ASOS PLC’s move to the main market unlikely to spark an exodus from


ASOS was, arguably, AIM’s highest-profile stock although it has long since lost the soubriquet of “AIM’s highest-valued company”

The decision by ASOS PLC (AIM:ASC) to leave AIM will leave London’s junior market with just seven companies valued at more than £2bn.

The seven non-dwarfs (market capitalisation in brackets) are Hutchmed (China) Ltd (£4.2bn); Abcam (AIM:ABC) PLC (£3.3bn); Fevertree Drinks (AIM:FEVR) PLC (£3.1bn); Jet2 PLC (AIM:JET2) (£2.7bn); RWS Holdings (AIM:RWS) PLC (£2.3bn); ITM Power PLC (AIM:ITM) (£2.2bn); Keywords Studios PLC (AIM:KWS, OTC:KYYWF) (£2.0bn).

ASOS, valued at £2.3bn, has been on AIM since late 2001 which is a long time for a company to put off the big leap to London’s main market, especially when for much of that time it has been AIM’s highest-valued company, but then again, there are big companies on AIM that have been listed for longer, among them the aforementioned Jet2 and RWS.

So, ASOS’s decision does not necessarily mean that the market’s big hitters are all planning to jump ship as well.

In general, the costs and bureaucratic overheads of listing on AIM are lower than on London’s main market, which is why so many big companies stick with it.

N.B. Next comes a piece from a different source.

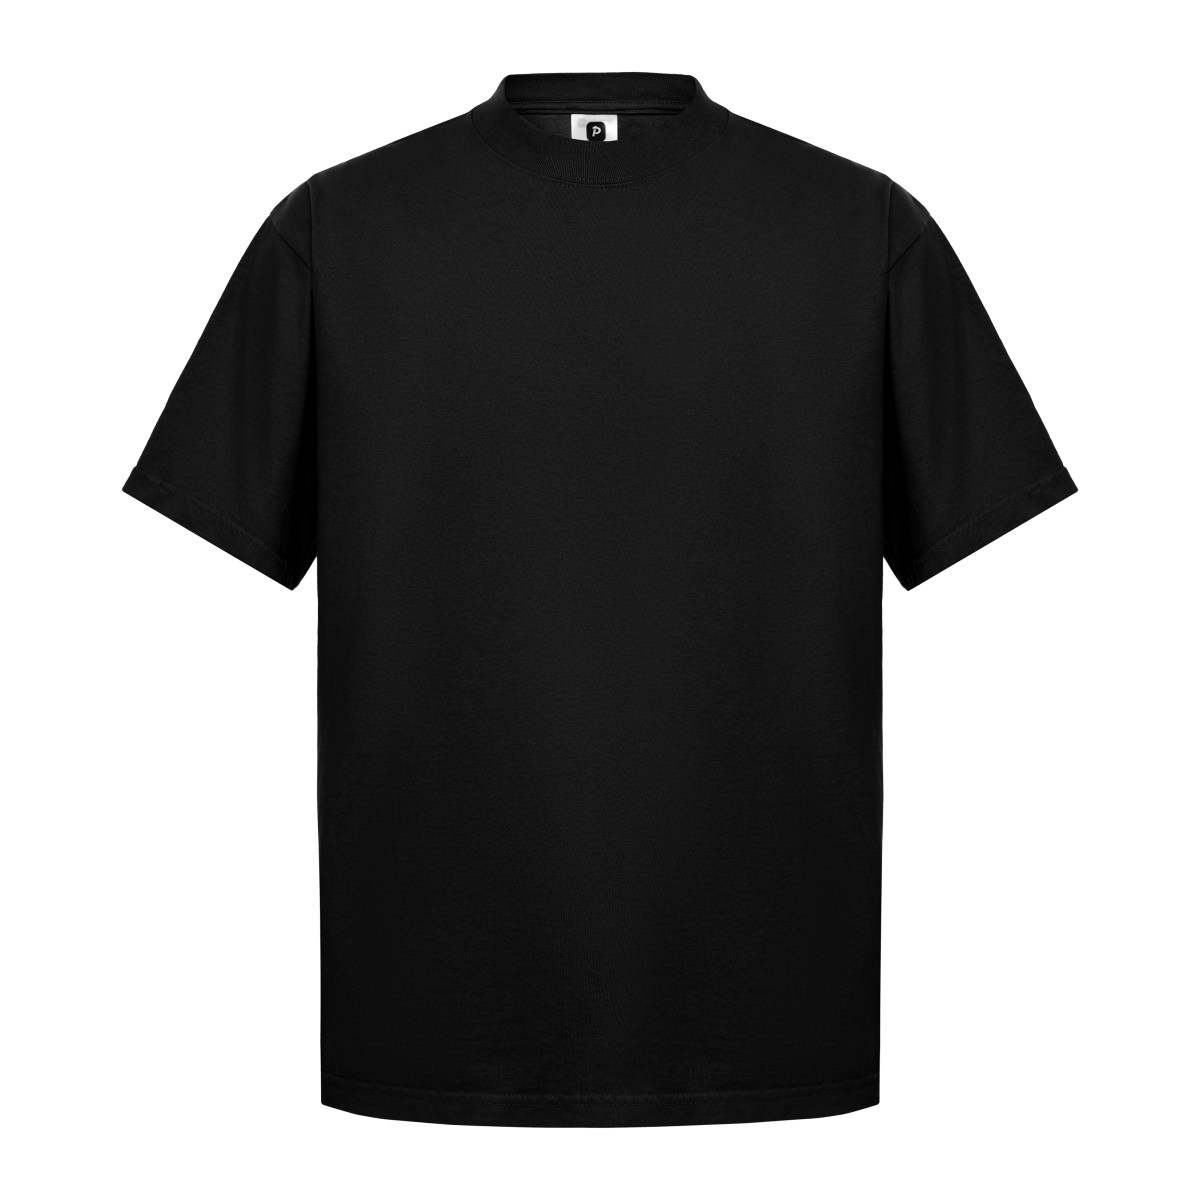 Garment Dye T-Shirt - Standard Size - Black

In its stock market announcement, ASOS gave a nod to those bureaucratic overheads, saying it has “adopted, applied and reported against the UK Corporate Governance Code for several years”.

AIM-listed companies are not eligible for inclusion in the FTSE 100 or FTSE 250 and ASOS’s market capitalisation would put it roughly halfway down the list of the biggest companies in the FTSE 250, so the switch to the main market will certainly attract the attention of fund managers running index-tracking funds.

On the other hand, there are fund managers that prefer to back AIM, with its reputation for fast-growth companies.

Alexandra Jackson, manager of the Rathbone UK Opportunities fund, said the fund has around a fifth of its portfolio in AIM companies and it’s been higher in the past. 

“The reason it’s come down is mainly actually because some of the AIM companies that we own have moved to the main list – which is fine, it doesn’t really impact us, but I sense that other more global investors prefer it if some of these companies are main market listed.

“ASOS have spent years saying ‘we don’t need to’ – so it’s interesting that a change in management has come with a change in view on that.

“Others in the portfolio that have moved include Draper Esprit, or Molten Ventures as it’s called now, the venture capital firm,” Jackson noted.

“Again they’ve been AIM-listed for a long time and they’ve just moved to the main list and I think it’s about that sort of global, you know, wanting to take their place on a global stage and saying, you know, there’s nothing you can sort of say that we’re not doing, [that] we’re not disclosing or we’re not living up to the same reporting standards or governance or whatever.